Alice has two part-time jobs. One job she makes 8 dollars per hour and the other she makes 12 dollars per hour. One week she made worked 30 hours and made 268 dollars. How many hours at each job?
X Hrs @ $8 per hr.
(30-8) Hrs @ $12 per hr.
8x + 12(30-x) = $268
8x + 360 - 12x = 268
-4x = 268-360 = -92
X = 23 Hrs. @ $8 per hr.
30-23 = 7 Hrs @ $12 per hr.
Correction:
(30-X) Hrs. @ $12 per Hr.
NOT (30-8).
To solve this problem, let's assume Alice worked x hours at her first job where she makes 8 dollars per hour.

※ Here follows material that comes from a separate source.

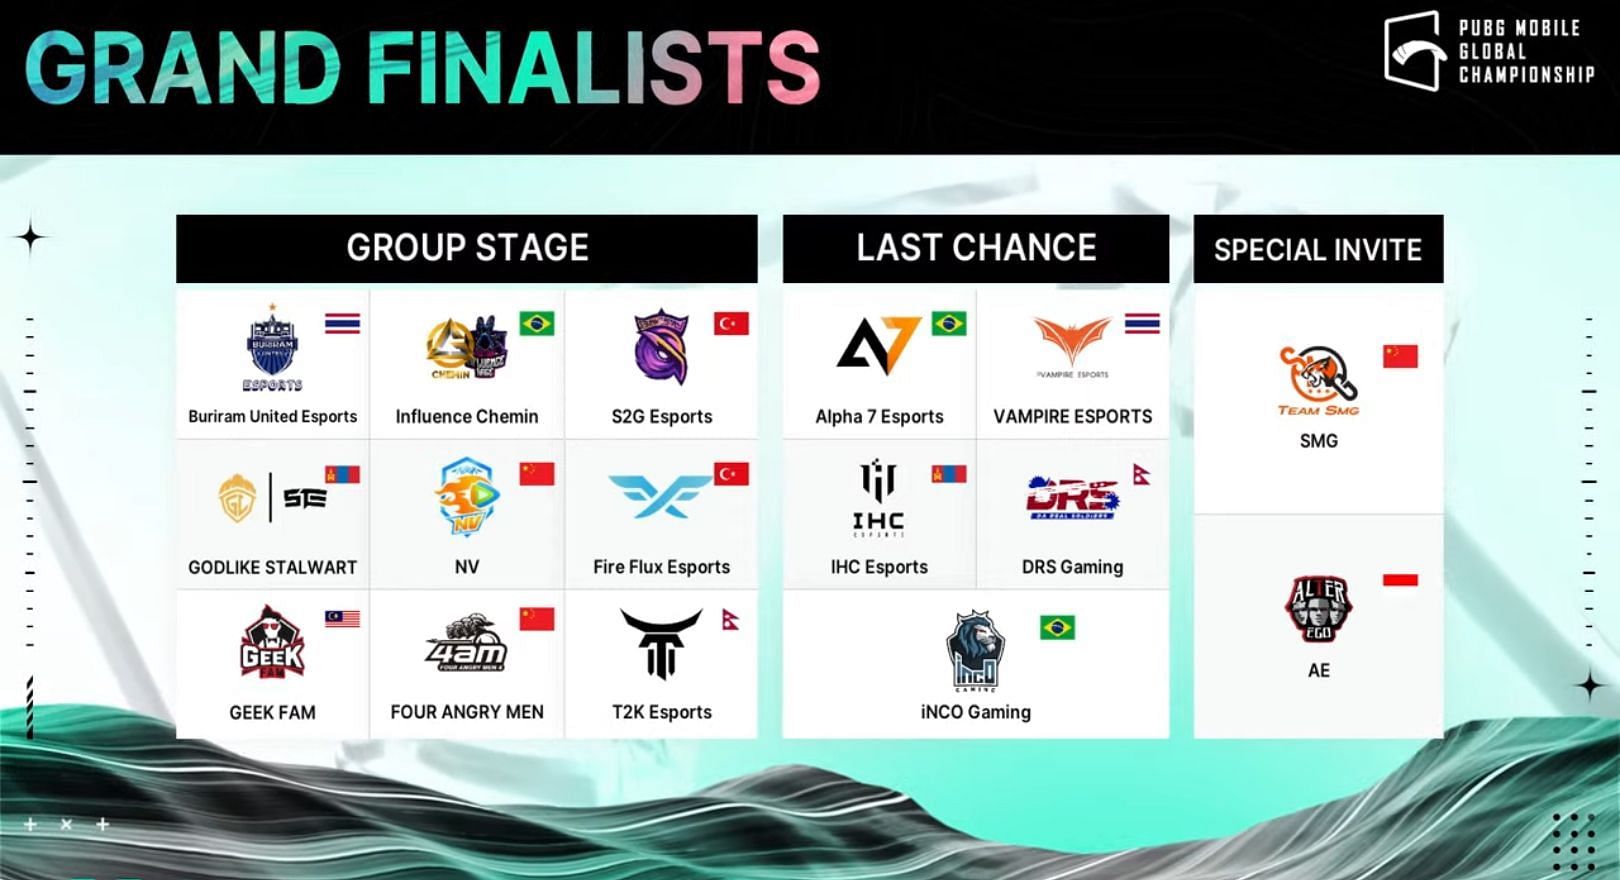 Global Championship 2022 Finals participants (Image via PUBG Mobile)

Therefore, she would have worked (30 - x) hours at her second job where she makes 12 dollars per hour.
Now, let's calculate the total amount she earned from each job:
For the first job: 8 dollars/hour * x hours = 8x dollars
For the second job: 12 dollars/hour * (30 - x) hours = 12(30 - x) dollars
According to the problem, the total amount Alice earned from both jobs is 268 dollars. So, we can set up the equation:
8x + 12(30 - x) = 268
Now, let's solve this equation to find the value of x:
8x + 360 - 12x = 268
-4x + 360 = 268
-4x = 268 - 360
-4x = -92
x = -92 / -4
x = 23
Therefore, Alice worked 23 hours at her first job and (30 - 23) = 7 hours at her second job.